Потом Готье перескакивает к критике «Царицы Савской»[31]
. Мы признаемся ему в полной нашей немощи, музыкальной глухоте, так как любим разве только военную музыку. «Что же, очень приятно слышать, – улыбается он, – я точно таков же. И вообще предпочитаю музыке молчание. Прожив значительную часть жизни с певицей, я достиг лишь того, что различаю хорошую и плохую музыку, но мне лично все равно. И ведь любопытно, что и все писатели нашего времени таковы! Бальзак ненавидел музыку. Гюго терпеть ее не может!Сам Ламартин, который продает или арендует фортепиано, питает к ней отвращение. Между живописцами найдется лишь несколько охотников до нее. У композиторов пошло теперь что-то глюковское, убийственно скучное, медленное, возвращающее к церковному пению… Этот Гуно – чистый осел! (Брат и я, мы оба стараемся изображать наших современников во всей их человечности, а особенно стараемся передавать их речи во всей их живописной правдивости. Характерная же черта – скажу даже красота – речей Готье состояла в чудовищности его парадоксов. И принять это абсолютное отрицание музыки, эту грубую шутку за истинное суждение знаменитого писателя о таланте господина Гуно значило бы иметь мало рассудка или питать истинную неприязнь к человеку, стенографирующему эту антимузыкальную выходку.) Во втором акте эти два хора евреек и савских дев, которые болтают возле пруда, прежде чем выкупаться… Ну да, очень милый хор, но вот и всё. Зала вздохнула свободно, все ахнули от удовольствия, до того скучно было остальное…

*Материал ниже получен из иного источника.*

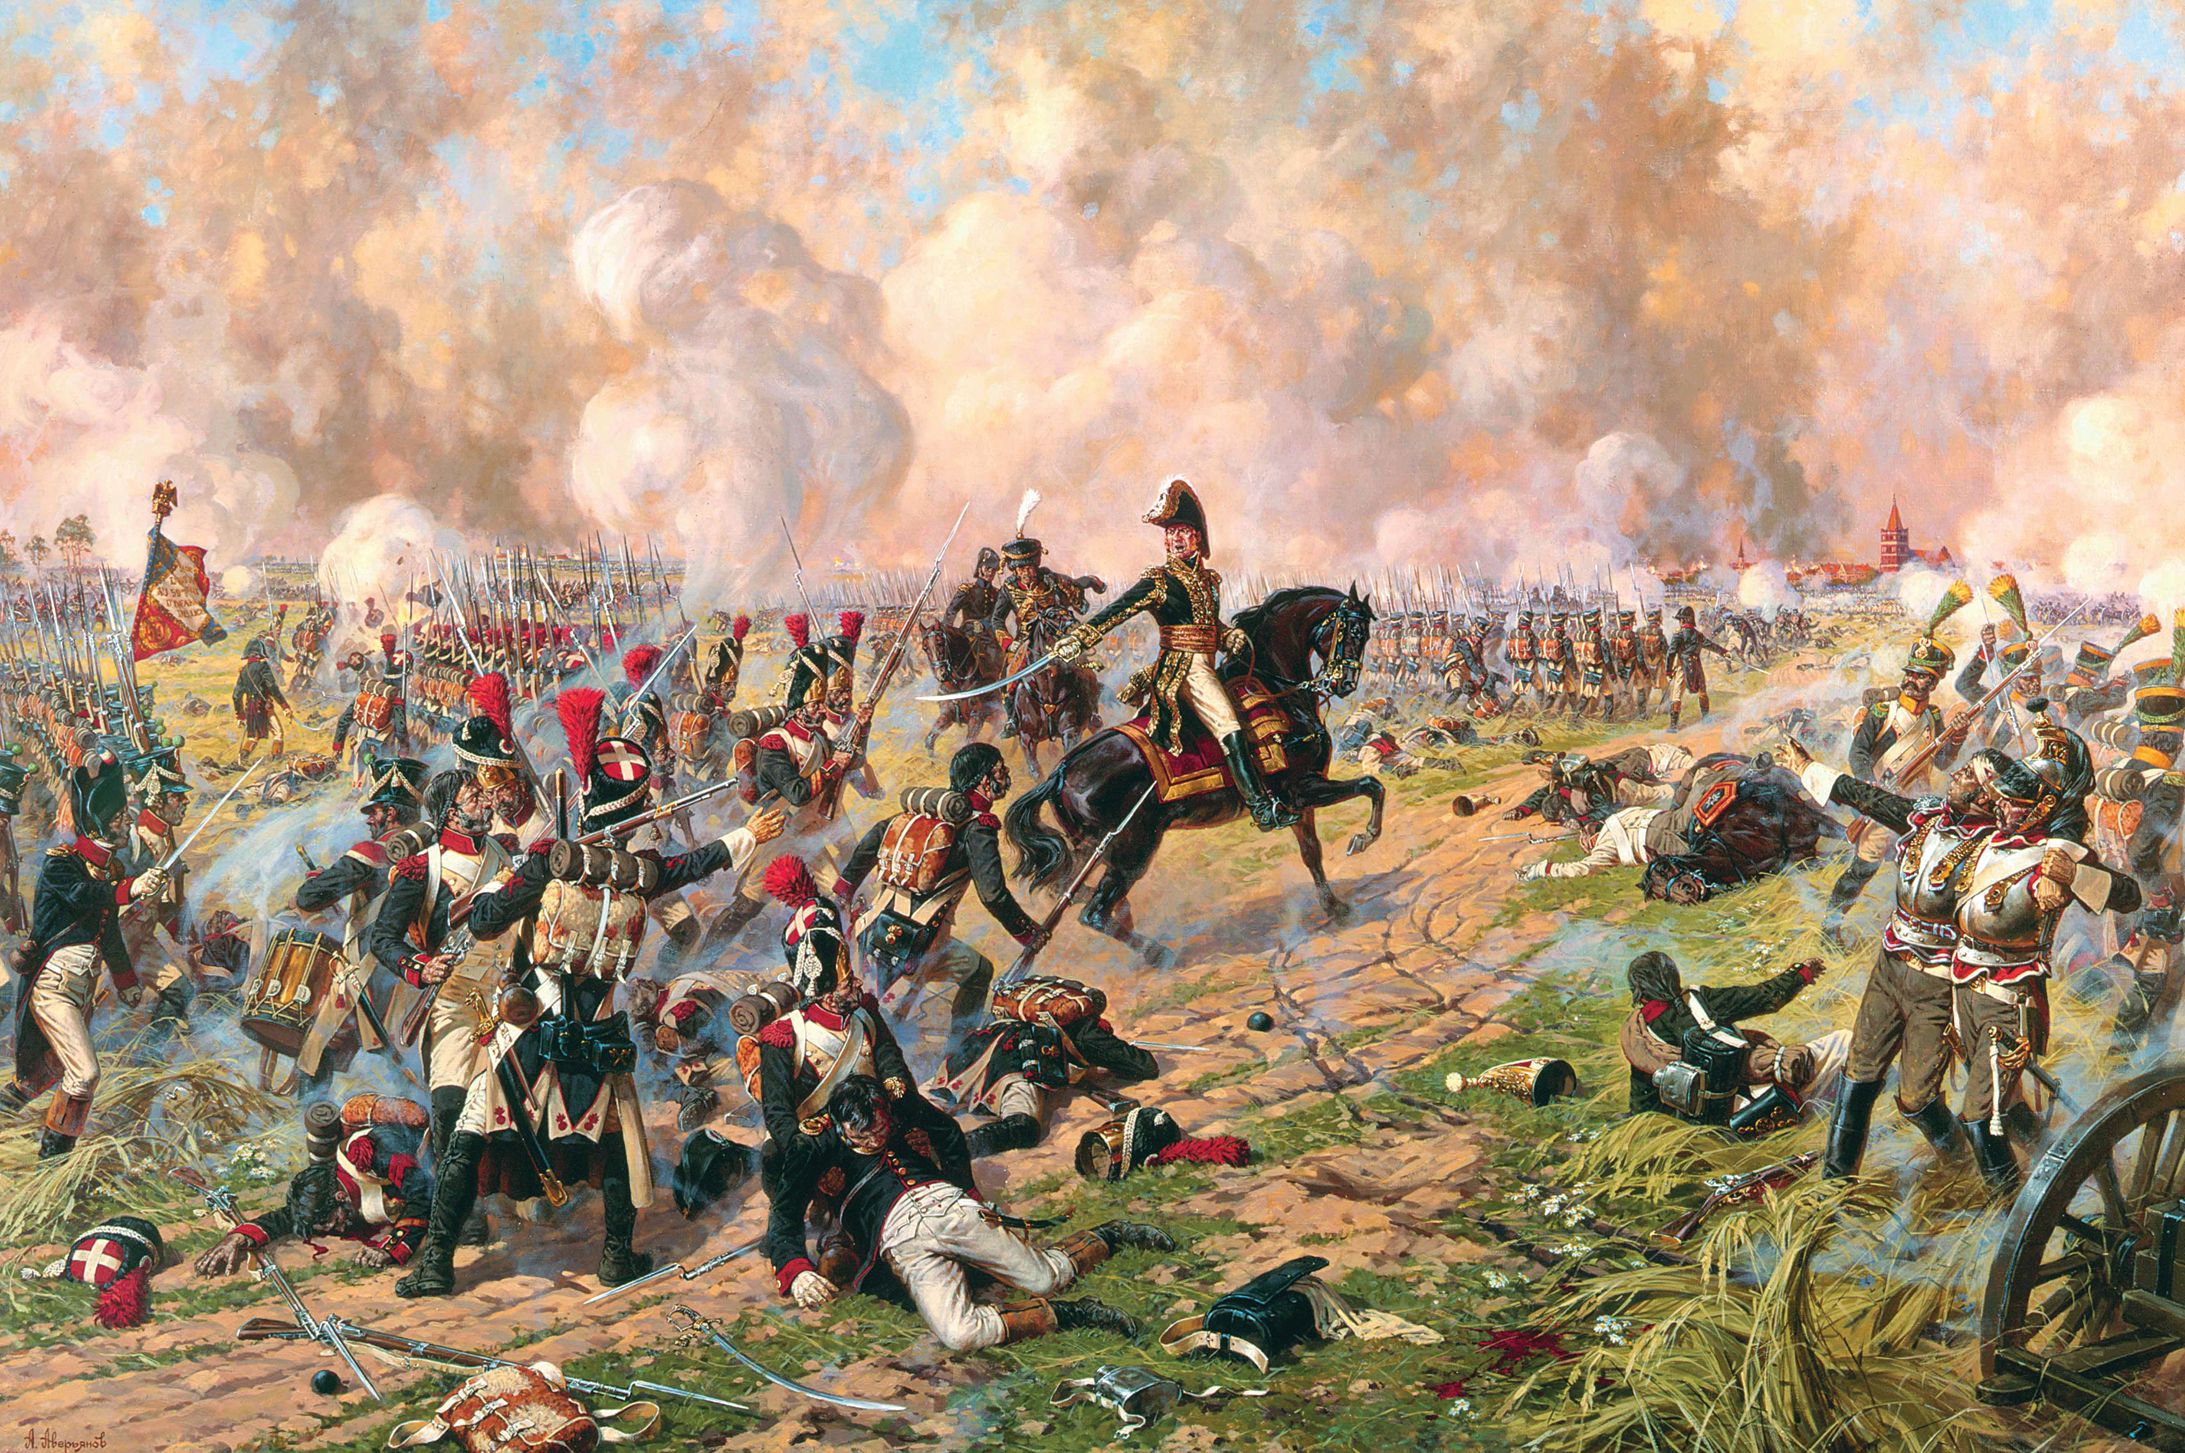 Marshal Michel Ney rallies his troops to continue their steady advance against the Russian left. By 8:30 pm. Ney’s troops had entered Friedland.

Вы спрашиваете, что такое Верди… Верди – это пустяки! Вы знаете, он додумался в пении, когда слова грустные – ставить
Затем Готье начинает жаловаться на современность. «…Может быть, это потому, что я состарился. Но все-таки нынче дышать нечем. Мало иметь крылья, надо еще воздуху… Я чувствую себя уже не современным… Да, в 1830 году было славное время, но я был слишком молод. На два-три года не попал в течение – и не дозрел… А то дал бы другие плоды…»
Разговор переходит на Флобера, на его приемы, его терпение, его семилетний труд над книгой в четыреста страниц. «Представьте, – восклицает Готье, – на днях Флобер сказал: "Конечно, мне осталось написать еще десяток страниц, но окончания фраз у меня уже готовы"! Каково! Ему слышится музыкальное окончание ненаписанных еще фраз! У него уже готовы окончания! Смешно, не правда ли? Я думаю, фраза главным образом должна иметь внешний ритм. Например, фраза очень широкая в начале не должна заканчиваться слишком кратко, слишком вдруг, если только в этом не заключается особенного эффекта. Нужно, однако, сказать, что флоберовский ритм часто существует лишь для него одного и читатель его не чувствует. Книги все-таки сделаны не для того, чтобы читать их вслух, а он орет их сам себе. Встречаются в его фразах такие громкие эффекты, которые ему кажутся гармоничными, но надо горланить, как он, чтобы получить этот эффект…
У нас с вами, например, в вашей "Венеции" и в массе всем известных моих вещей найдется много страниц не менее гармоничных, над которыми мы так много не мучились. В сущности, несчастный он, угрызения совести отравляют его жизнь. Они сведут его в могилу. Вы не знаете, что его так тяготит. В "Госпоже Бовари" он допустил два родительных падежа подряд: "венок из цветов флердоранжа". Это его убивает, но как он ни старался, не мог сказать иначе… Хотите посмотреть, что у меня есть?»
И Готье ведет нас в столовую, где завтракают его дочери, а потом наверх, в маленькую мастерскую, откуда виден сад с тощими кустами. Там он показывает приношения художников ему как критику – бедные приношения, обличающие всю скупость, всю ничтожность мира искусства по отношению к человеку, воздвигнувшему им пьедестал из статей, окружившему славой безвестные их имена, одарившему их покровительством своих изящных фраз и ярких описаний!